Operator theory in high-dimensional sequence spaces reveals intricate connections between sequence structure and compactness. In the generalized Morrey sequence spaces, the natural embeddings

$\ell^{\infty}(\mathbb{Z}^d) \hookrightarrow m_{\varphi,p}(\mathbb{Z}^d) \hookrightarrow \ell^p(\mathbb{Z}^d)$

are continuous under concrete conditions on $\varphi$ , but are never compact for infinite index sets, and strict singularity can manifest, generalizing Kato’s phenomenon (Haroske et al., 19 Feb 2025). Paranormed difference sequence spaces $\ell(r,s,t,p;\Delta^{(m)})$ admit explicit dual characterizations ( $\alpha$ , $\beta$ , $\gamma$ -duals) and operator-norm estimates for matrices acting into classical sequence spaces. Measures of noncompactness (Hausdorff-type) can be described asymptotically via the $\ell_q$ -decay of “far” rows of the operator matrix, supporting a fine-grained control of compact and non-compact behavior in high-dimensions (Maji et al., 2013).
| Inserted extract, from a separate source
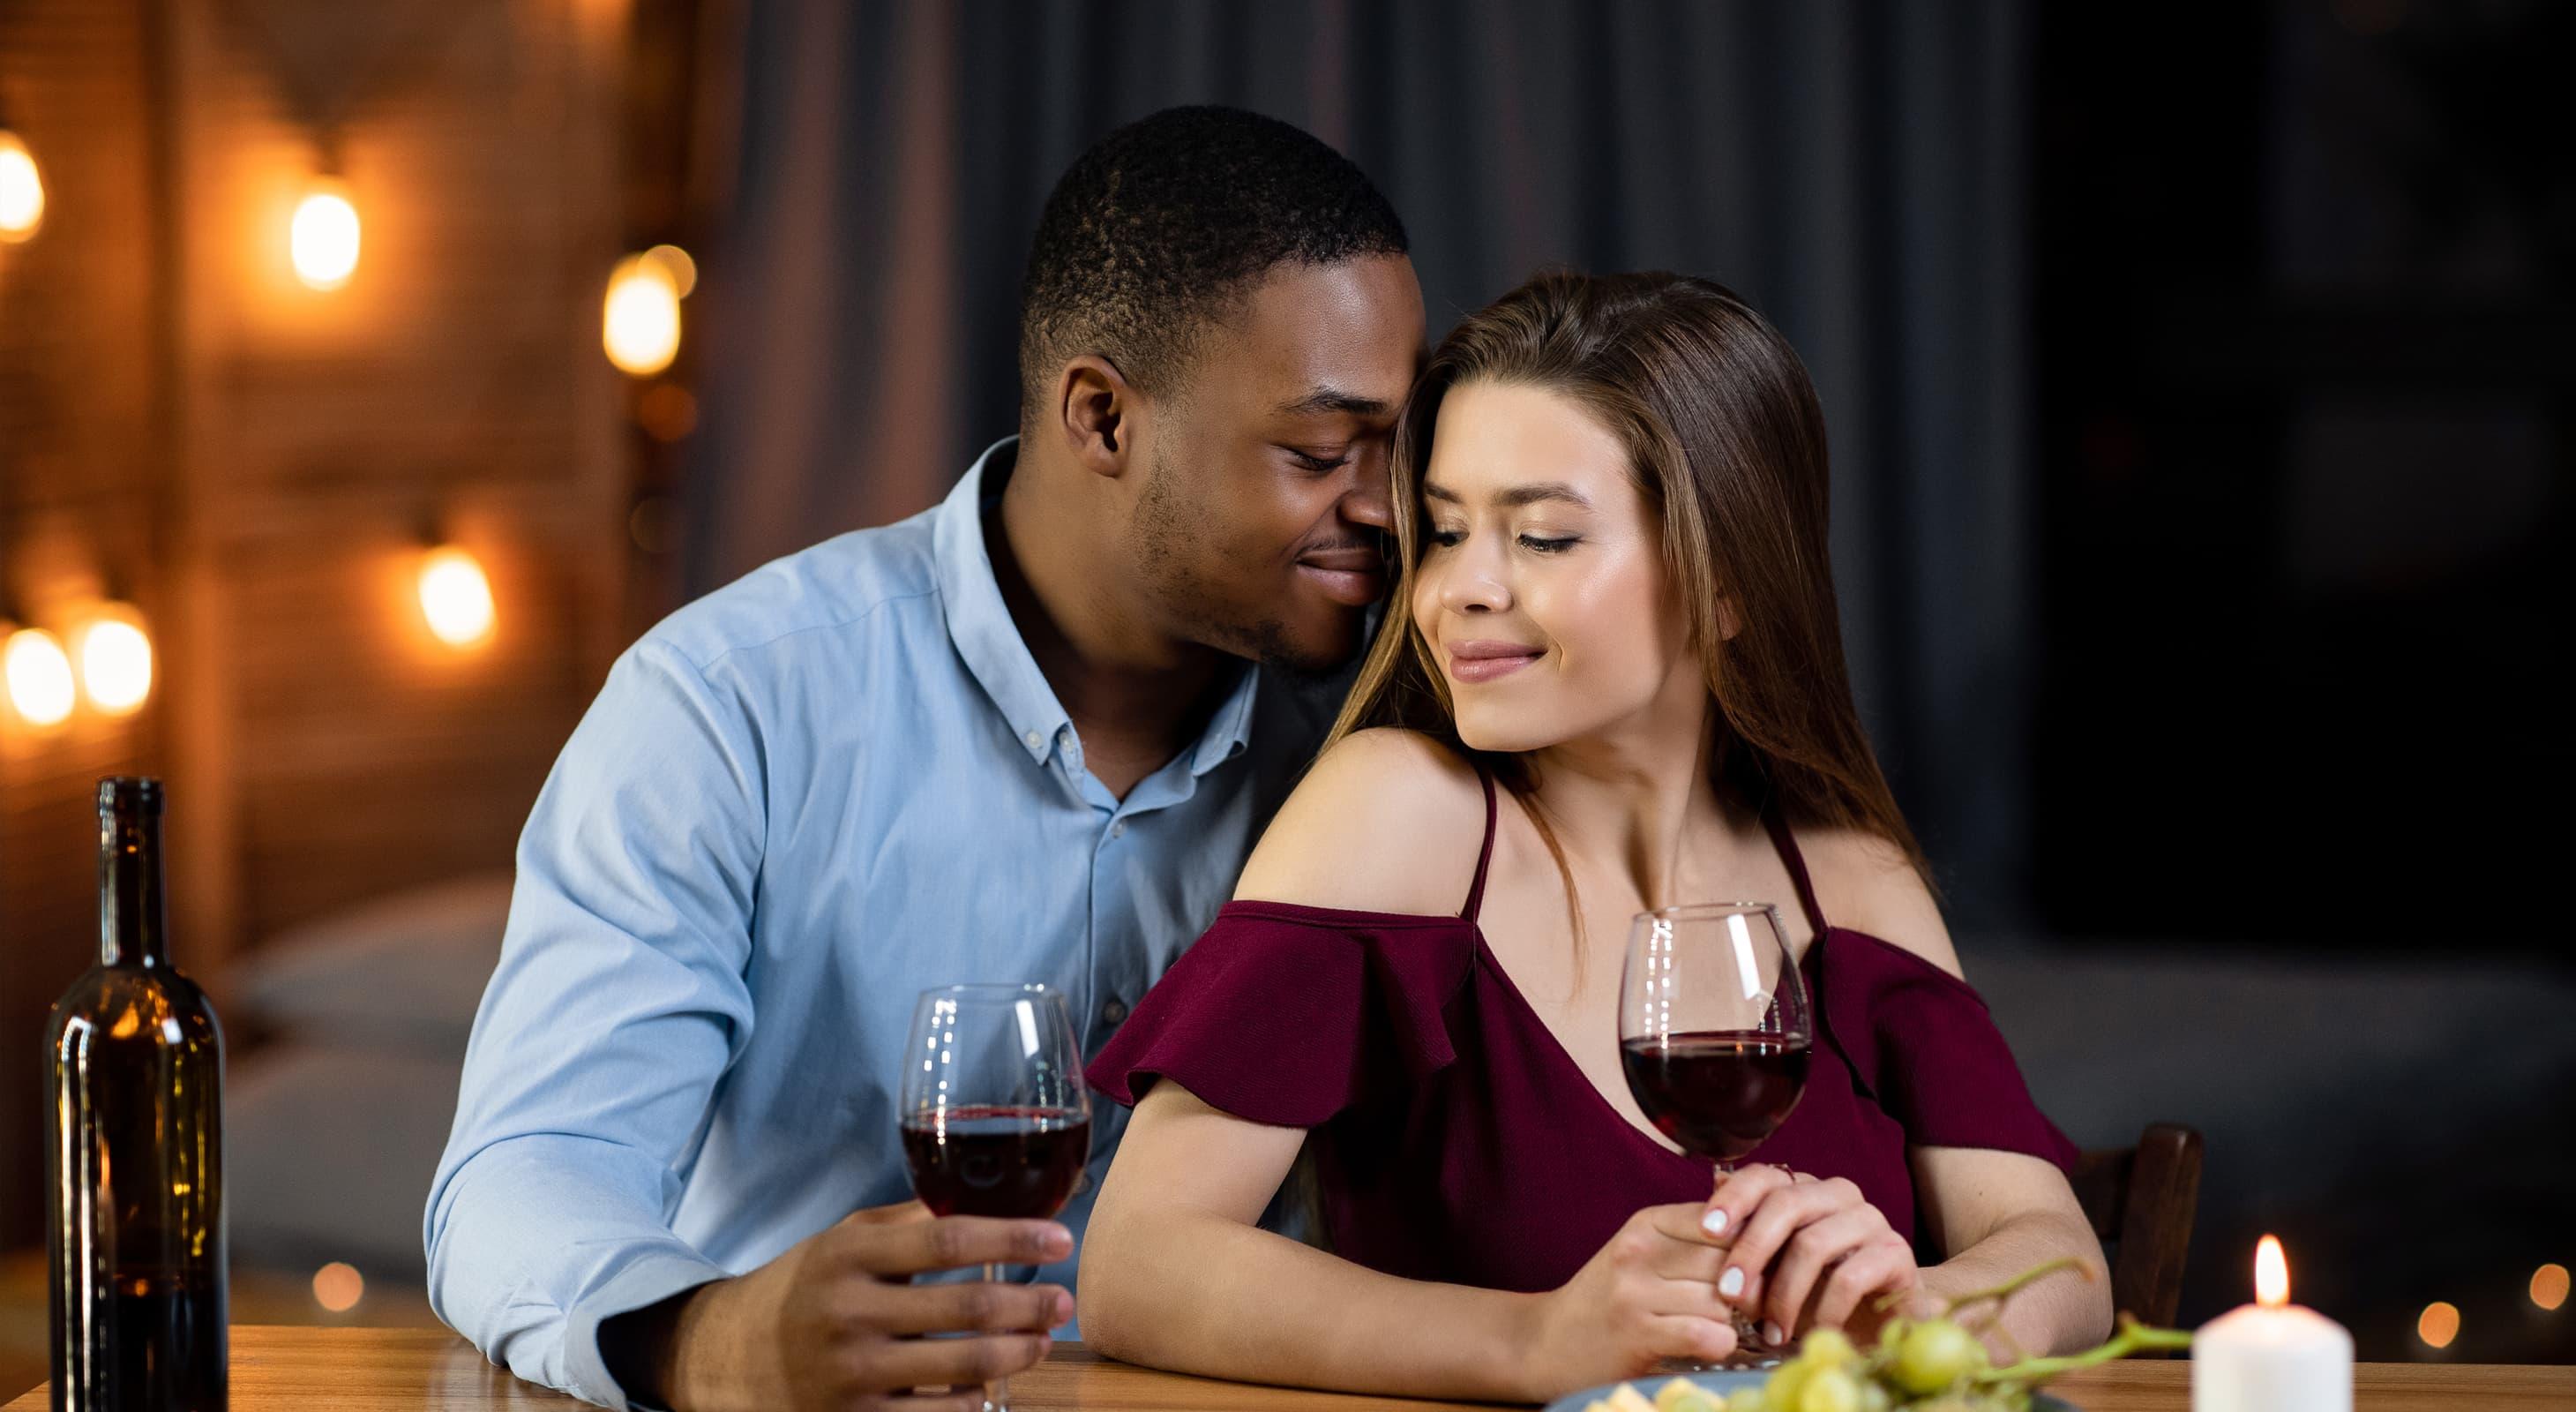 man an woman at romantic dinner

6. Discrete Geometry and Finite Field Scenarios

High-dimensional sequence spaces over finite fields play a critical role in combinatorial geometry and coding theory. Scattered subspaces, constructed via $q$ -linearized polynomials, generate exceptional Maximum Rank-Distance (MRD) codes of large dimension and minimality. Recent results have classified infinite families of indecomposable, exceptional scattered sequences for arbitrary order $m$ ( $m\geq3$ ), producing genuine building blocks for rank-metric codes and novel linear sets in high-dimensional projective geometry. The equivalence theory and combinatorics ensure a rapidly growing number of inequivalent families, linked geometrically to maximal intersection properties and combinatorially to code minimality (Bartoli et al., 2024).
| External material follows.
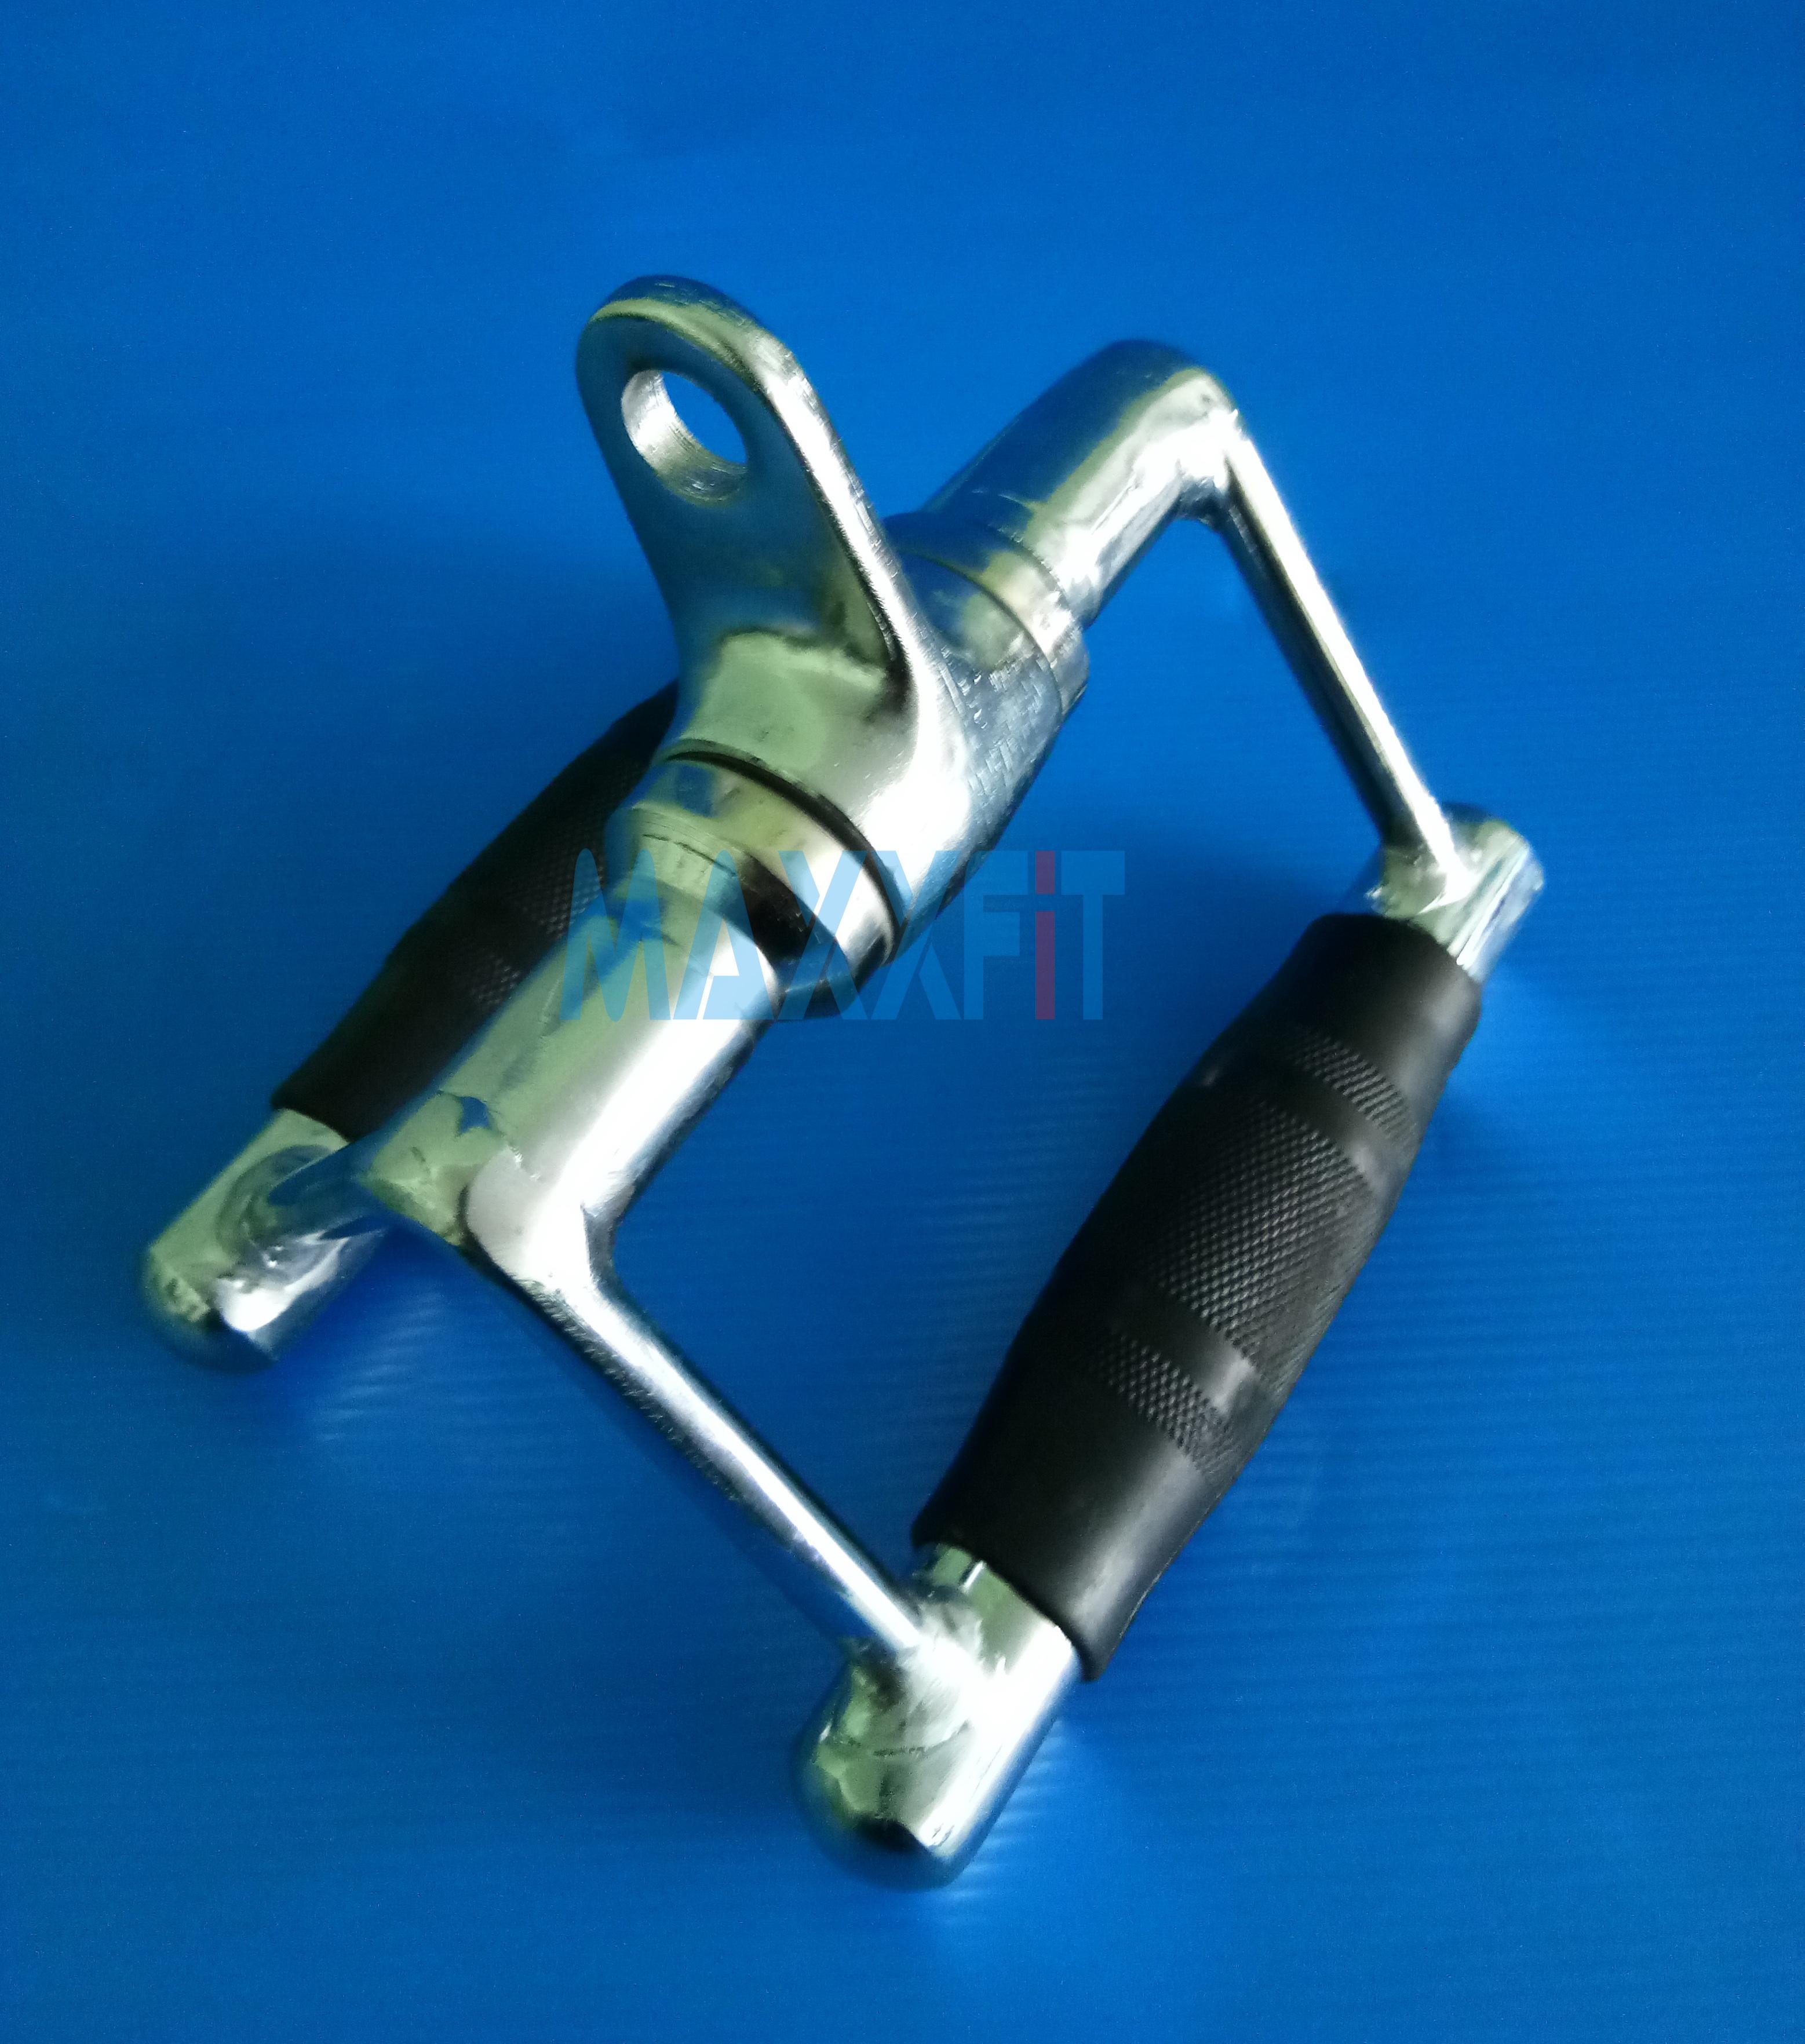 Revolving V- Grip แบบมือจับหุ้มยาง

7. Non-classical Sequence Spaces and High-Dimensional Phenomena

Beyond classical settings, new families such as the generalized Morrey sequence spaces $m_{\varphi,p}(\mathbb{Z}^d)$ formalize local $L^p$ -control across scales. Their high-dimensional complexity is determined by scalings like $2^{j d (1/p_2-1/p_1)}$ in embedding criteria—highlighting the volume explosion in large $d$ (Haroske et al., 19 Feb 2025). Difference sequence spaces perturbed by generalized means demonstrate how one can design new high-dimensional, complete, and structurally rich spaces, with controlled Schauder bases, duality, and operator behavior (Maji et al., 2013). These generalizations admit a flexible analytic toolkit for studying discretized partial differential equations, data encodings, and non-standard summability phenomena in high dimensions.
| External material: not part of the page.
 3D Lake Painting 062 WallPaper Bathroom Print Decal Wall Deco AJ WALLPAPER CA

High-dimensional sequence spaces thus form an extensive and interconnected area at the confluence of geometry, analysis, probability, and combinatorics. Their study leverages the architecture of infinite-dimensional topology, sharp quantitative geometry, duality, and measure concentration, revealing broad universality, large hidden structures, and robust asymptotic behaviors that govern the analysis, modeling, and optimization of large and complex systems (Madhok, 2016, Botelho et al., 2010, Edmunds et al., 2013, Maji et al., 2013, Haroske et al., 19 Feb 2025, Bartoli et al., 2024).